I’ve had this happen, but not in my own games. In a game I was playing in the GM and one of the players broke up. It pretty much caused the entire group to fall apart.
I’d let them both in the game as long as they didn’t harm the group; it’d be silly to kick them out just because of OOG (out-of-game) issues if it doesn’t make things awkward. Now if it was problematic for everyone else then that’s something else entirely.
I’ve seen this happen in a few groups and games I’ve been in.
I’m echoing above sentiment, the group comes first.
If there’s too much drama they should both go. People have to be grown up enough to handle their business outside.
The flip side of this is the relationship that blooms inside of the group and it effects game play with jealousy, changing a character to be closer to your sworn enemy because you’re with them now and other crazy developments that don’t make a lick of sense in game.
I’d allow the couple to stay as long as they could keep their reality out of my fantasy. I’d tell them this, of course.
And if they failed to do so, I’d give one warning, and then that’s it; they’re both gone. Either could come back after a reasonable period and a promise to behave.
However, if one of them left of their own accord, I wouldn’t boot the other one. And I’d be sure tell the rest of the group about this loophole.
Had this happen in our group. Making them both still play once the dust settled was the best descion we ever made. They’re now still really good freinds and don’t hold grudges or anything and both bring their new significant others to games and play alongside.

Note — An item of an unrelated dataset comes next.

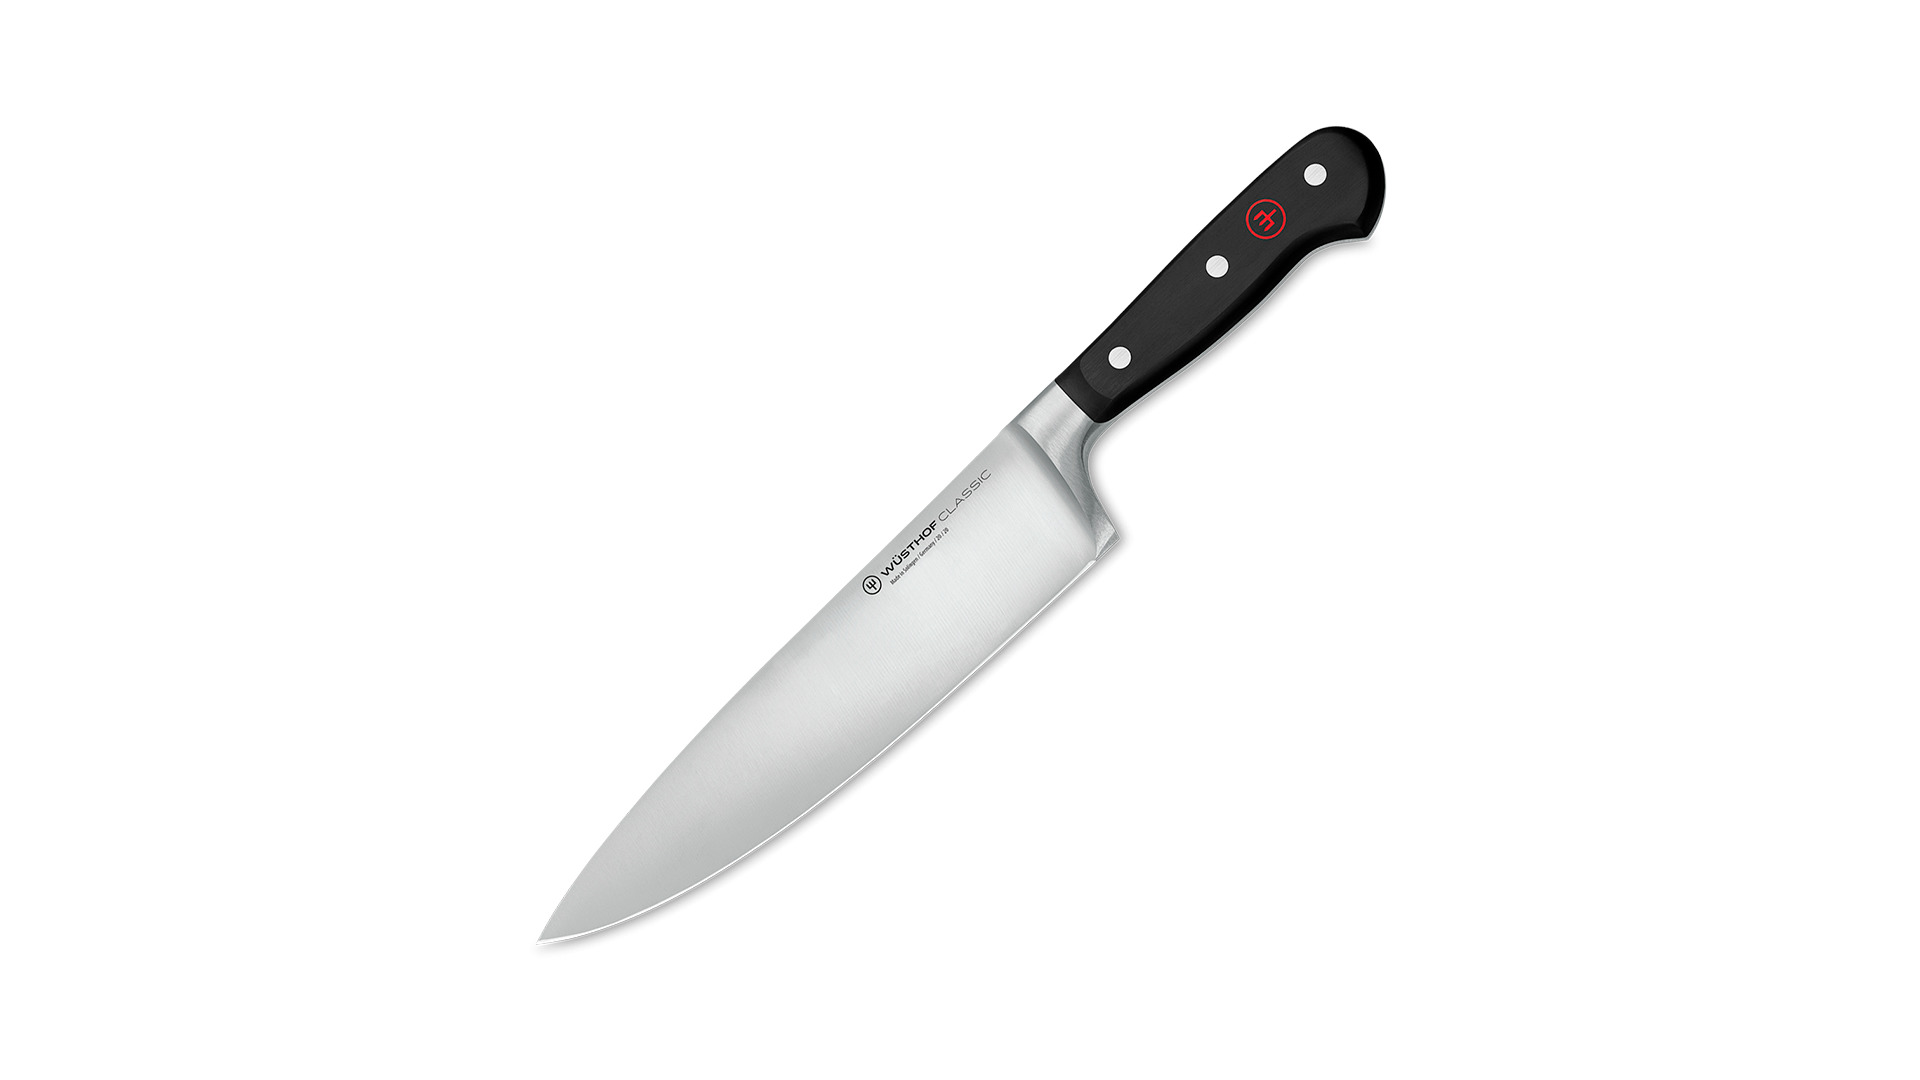 Нож профессиональный Шеф Wuesthof Classic 20 см, в подарок подставка для ножей, темный бук
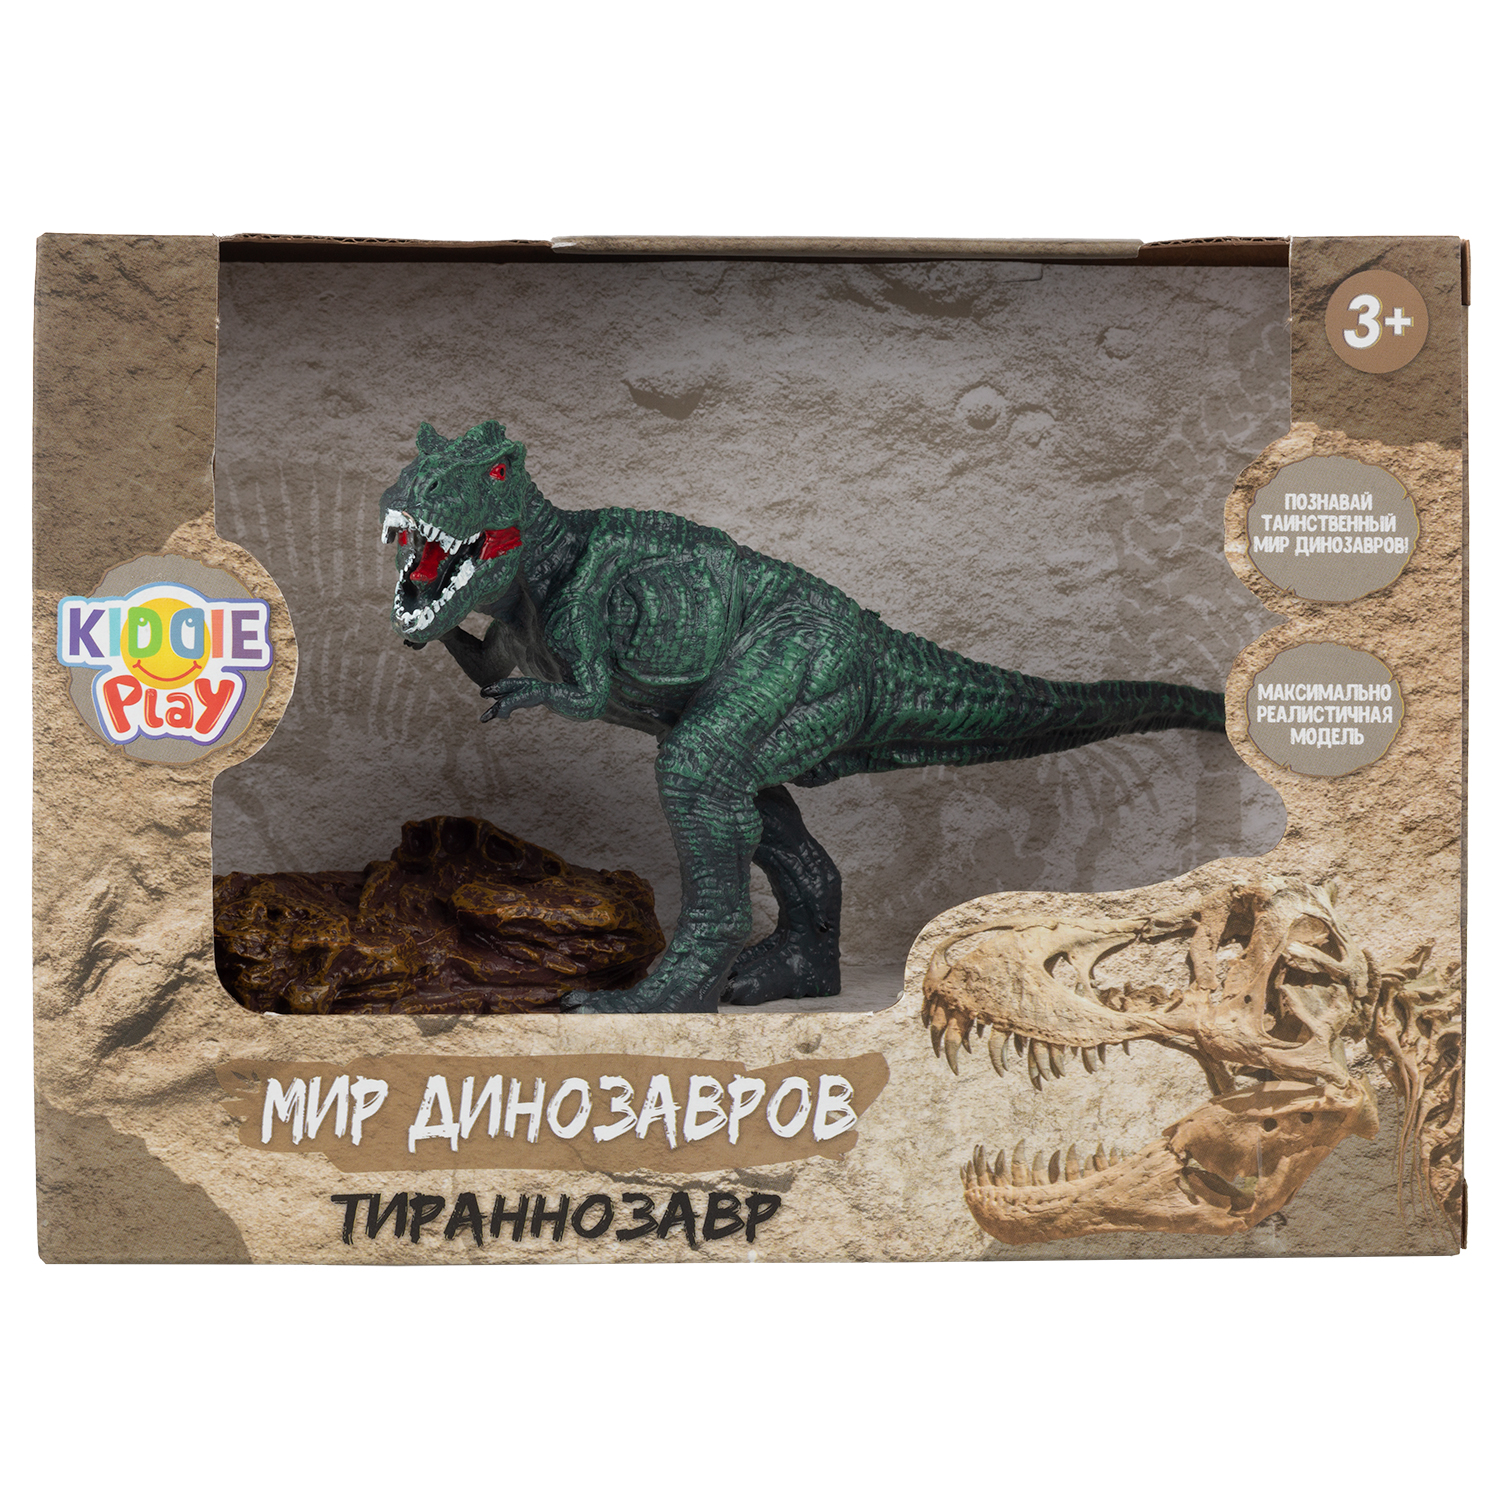 Игрушка KiddiePlay Фигурка динозавра - Тираннозавр - фото 6

Fortunately, I never had this problem but if I did, the answer seems simple.
The group is composed of friends, if there is a falling out between people they have to decide either to put their differences away or the one (might be both) who is causing the problems has to leave… if not, then I’m gone…
man, i don’t know how to contact with you. reply on my email ( email@example.com ) or i’ll have to do somethig more. if you don’t remember – you stole my pic!
Who are you referring to?
do kogo przemawiasz Emilio?
Like others have said, as long as the ex-lovers involved can keep their out of games issues out of the game and still play together nicely they can stay. If there’s a problem whichever one seems to be the instigator would be asked to leave if they can’t control themselves. (or both if it seems they both have issues)
It’d be hard to do it any other way without jeopardizing friendships.
Gah! Just saw this thread was form back in 2k9, apologies for the necroing!
@Silveressa – We leave them open on purpose, in case folks come by after the thread has died — even long after! — with something to share. Welcome to the Stew!